Взгляд упёрся в непроглядную черноту, но Тьяна изо всех сил потянулась к знакомому голосу, и тьма расступилась. Рука с россыпью золотых веснушек, вынырнув из дымки, протянула нож.
– Ты должна убить меня. Это единственный выход. – Лицо Мару оказалось близко-близко. – Я ошибся, нет никакого другого решения, только это. Убей меня, чтобы выжить. Я готов.
Тьяна вскинула руку и зажала ему рот. Если Медович – ее предсмертное видение, она не позволит своему сознанию испортить его. Не позволит в последний миг думать о том, взяла бы нож или отказалась. Нет уж. К Хозяину тебя, мозг! Пусть в финале правит тело, а не разум.
– Заткнись и целуй, – велела она.
Ладони легли на плечи Мару, Тьяна потянула его к себе, но в ту же секунду он развеялся зелено-медной пыльцой. Схватив пару горстей, Тьяна с досадой уставилась на пустые ладони: ничего. Ничего не осталось.
Откуда-то сзади донеслись хриплые стоны. Их мучительность и безнадежность проникли под кожу, заставив Тьяну содрогнуться. Почти не сомневаясь, что сейчас увидит истекающего кровью Мару, она обернулась. В отдалении, скорчившись, лежал Огний.

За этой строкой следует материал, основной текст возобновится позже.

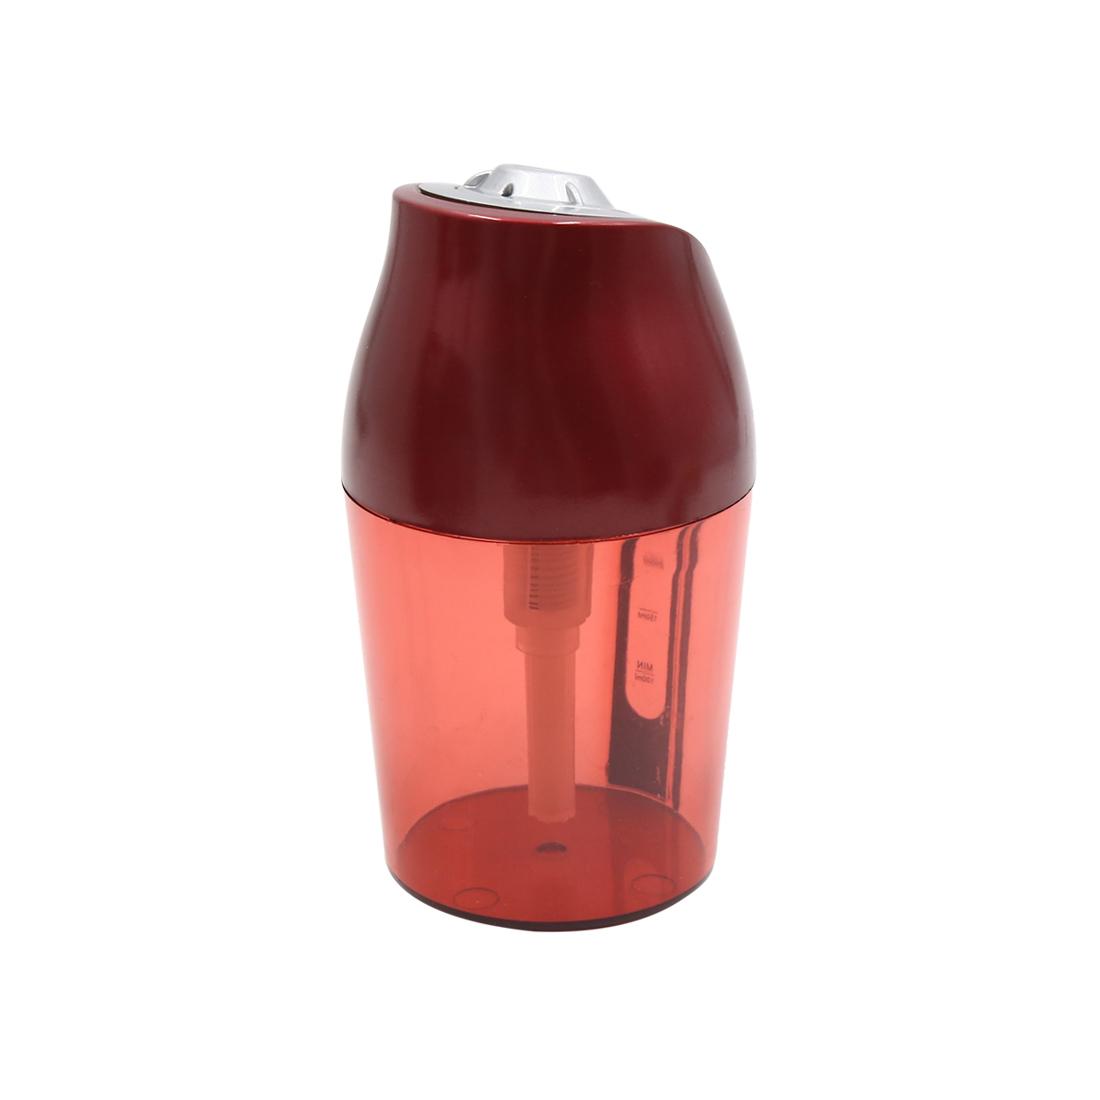 Red Mini Ultrasonic Car Air Mist Purifier Humidifier Diffuser 5V 250ml 0.2W - image 1 de 4

Тьяна бросилась к нему. Опустившись на колени, она тотчас заметила лопнувшие сосуды в его глазах и розовую пену, вместе со стонами выходящую изо рта. Понимая, что это бесполезно, Тьяна всё же спросила:
– Кто тебя отравил?
Булькнув, Огний протянул:
– Я-я-я.
Чего еще стоило ожидать от бессмысленного видения? Ни поцелуев, ни истин – так и время истечет. Не зная, что предпринять, Тьяна сунула руки в карманы мантии: вдруг там найдется противоядие? Пальцы наткнулись на бумажный уголок. Тьяна потянула за него, но листок не поддался. Рывок, еще рывок – и ее вышвырнуло на свет.
– Тьяна! – по ушам ударил оклик Крабуха.
Она зажмурилась. Мягкое свечение ламп теперь казалось нестерпимо-ярким. Приподнявшись на локте, Тьяна поняла, что лежит на полу. Неподалеку устроился и Огний. Живой, невредимый и, судя по сверканию глаз, всё еще под действием бесуна. Мастер тоже сидел на ковре, остальные столпились рядом.
– Я в шоке! – заявил Огний. – Она выжила. Нет, вы видите? Выжила. А значит… это значит… – он вцепился в волосы. – Я гений!
– Каким задумывалось действие? – проверяя у Тьяны пульс, спросил Крабух.
– Она должна была уснуть, – неуверенно произнес Огний. – Как от «Сномара». Надолго. А уснув, увидеть провидческий сон. Чтобы добиться этого, я использовал разные сочетания звуков… А нет, ничего я вам не скажу! Слетелись, как коршуны! – он обвел всех хищным взглядом. – Пустышки!